HyLIMP sequences. HyLIMP #4 which interrupts RNA-Seq coverage is boxed. Palindromes are underlined, and the reported ΔG value is for the RNA form of the palindromic sequence. In the sequences, the repeat units common with LIMPs are written in red, the other pentanucleotide in blue and the conserved inner part of the palindrome in green. Residues differing from the consensus are italicized. The region in HyLIMP #3 that is identical to the LIMP loop is highlighted in yellow


Based on its relatively high percentage of coding regions (42 %), large gene repertoire (64 genes) and limited extent of repeats (5.6 %), the L. incisa mitochondrial genome can be classified as belonging to the “ancestral” type of algal mitochondrial DNA, as opposed to the “reduced-derived” pattern observed in Pedinomonas minor and Chlorophyceae [10]. Overall, the gene content is highly similar to that in the nine available mitochondrial genomes of Trebouxiophyceae [915]. In contrast to this conserved gene repertoire, highly diverged gene order and orientation have been observed among Trebouxiophyceae [1016] including the present species. Even though there are remaining blocks of synteny shared between the mitochondrial genomes of Trebouxiophyceae, this diversity in organization highlights the numerous genome rearrangements that have occurred since the group originated. It also implies that the mitochondrial genome is transcribed differently in the various species.

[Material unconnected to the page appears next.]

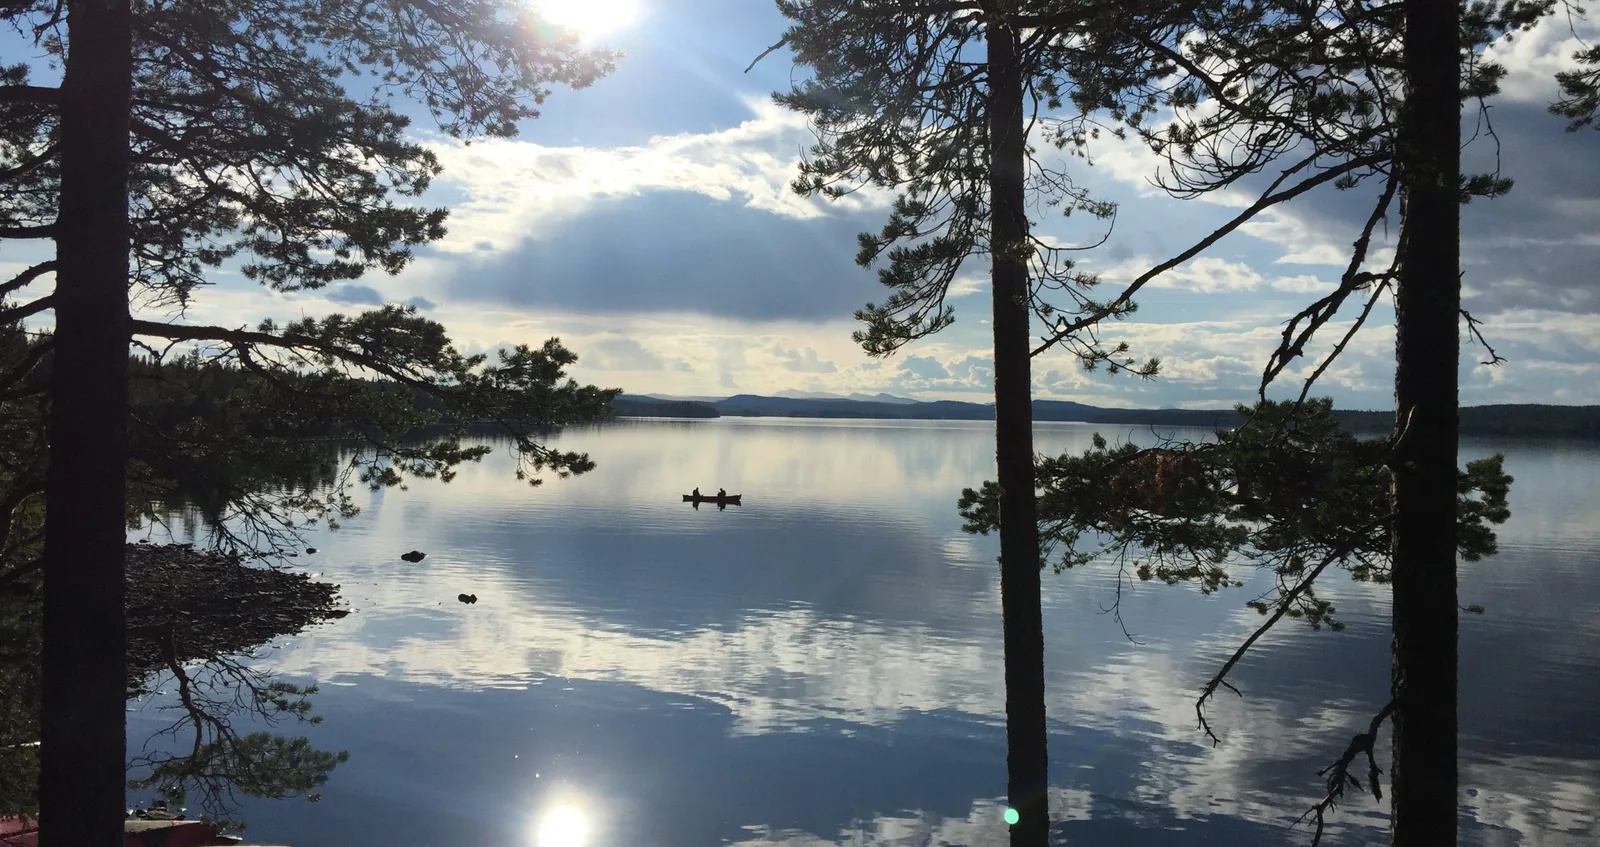 Sweden Canoe Challenge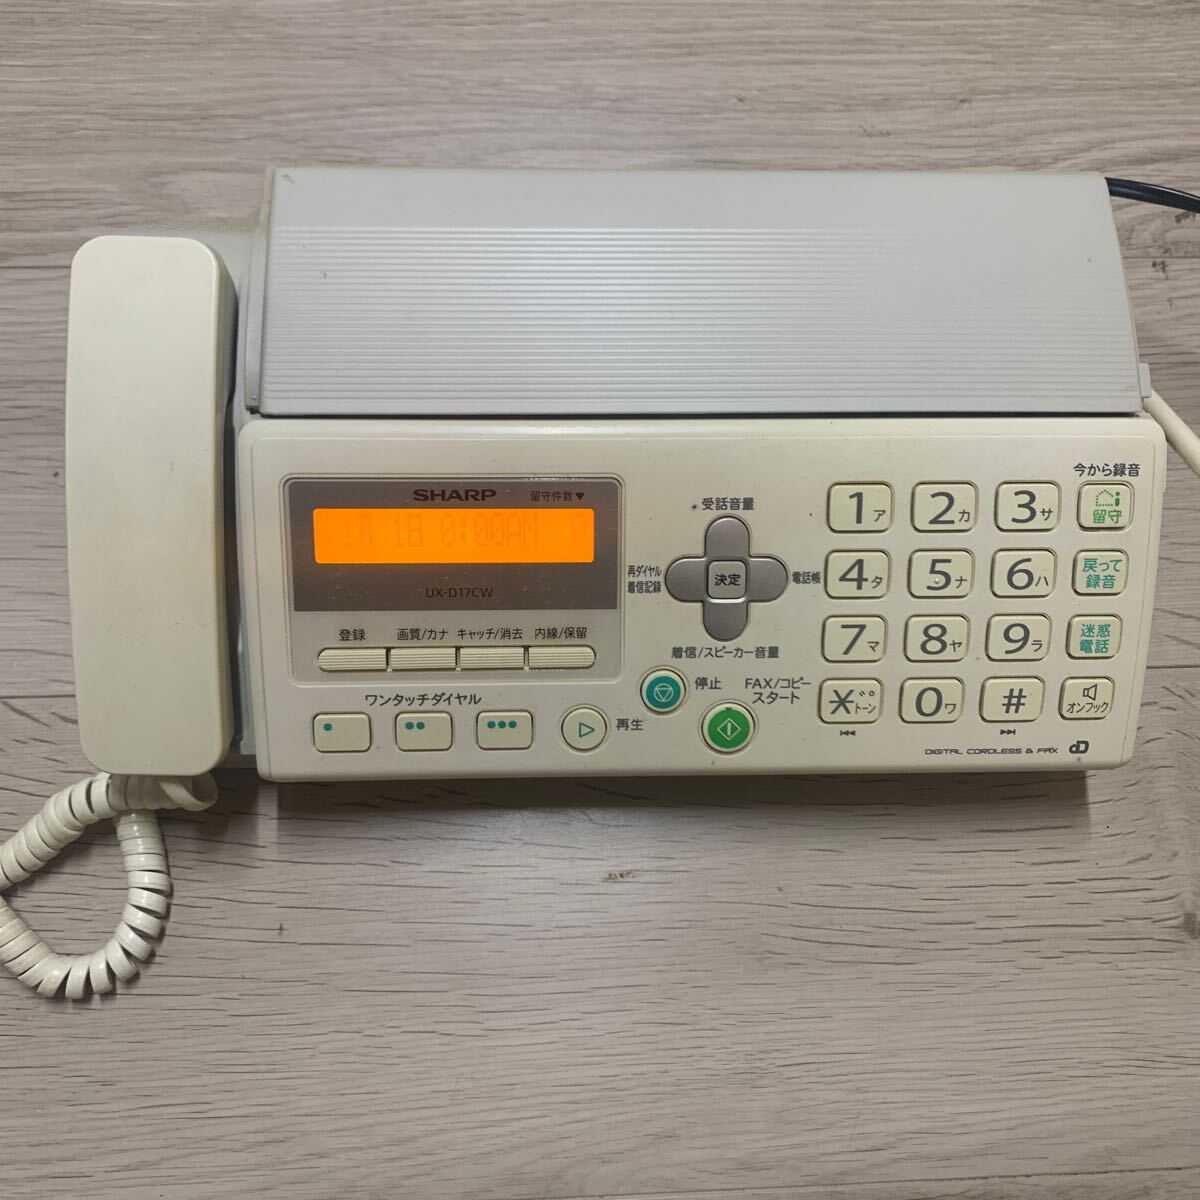  sharp telephone machine fax telephone UX-D17CW (345)

The most striking feature of the L. incisa mitochondrial genome is undoubtedly the presence of the LIMP. This repetitive palindromic repeat uses a fixed pentanucleotide ACCAA, repeated in direct and inverse orientation (A- and T-units) to form the two branches of a stem, with a fixed loop in-between. In the genome, LIMPs occur about equally in the two possible orientations, with no defined alternation pattern. No sequence similar to the LIMP can be found in any other organellar genome (chloroplast or mitochondrion) of Chlorophyta, and it therefore appears to have recently originated in the lineage leading to L. incisa. It is common for organellar genomes of algae to carry complex sets of short dispersed repeats (see e.g., [12, 2431]), and each time they seem lineage- or even species-specific (in the case of Volvox). In some cases, repeat units can form extended tandem arrays [10, 32] or palindromes [26, 28, 33]. In Volvox carteri, both organelle genomes are bloated with repeats that form short (but non-repetitive) palindromes [26, 29]. Based on their large number and high sequence similarity, they have been described as selfish genetic elements, multiplying vigorously and spreading from the mitochondrial to the plastidial and even to the nuclear genome [26]. However, the stabilization of such structures in a polyploid genome where an efficient homologous recombination can rapidly correct the copy where the repeat would have duplicated, leads us to think that the repeats themselves confer a selective advantage to the cell, in other words that they have a function.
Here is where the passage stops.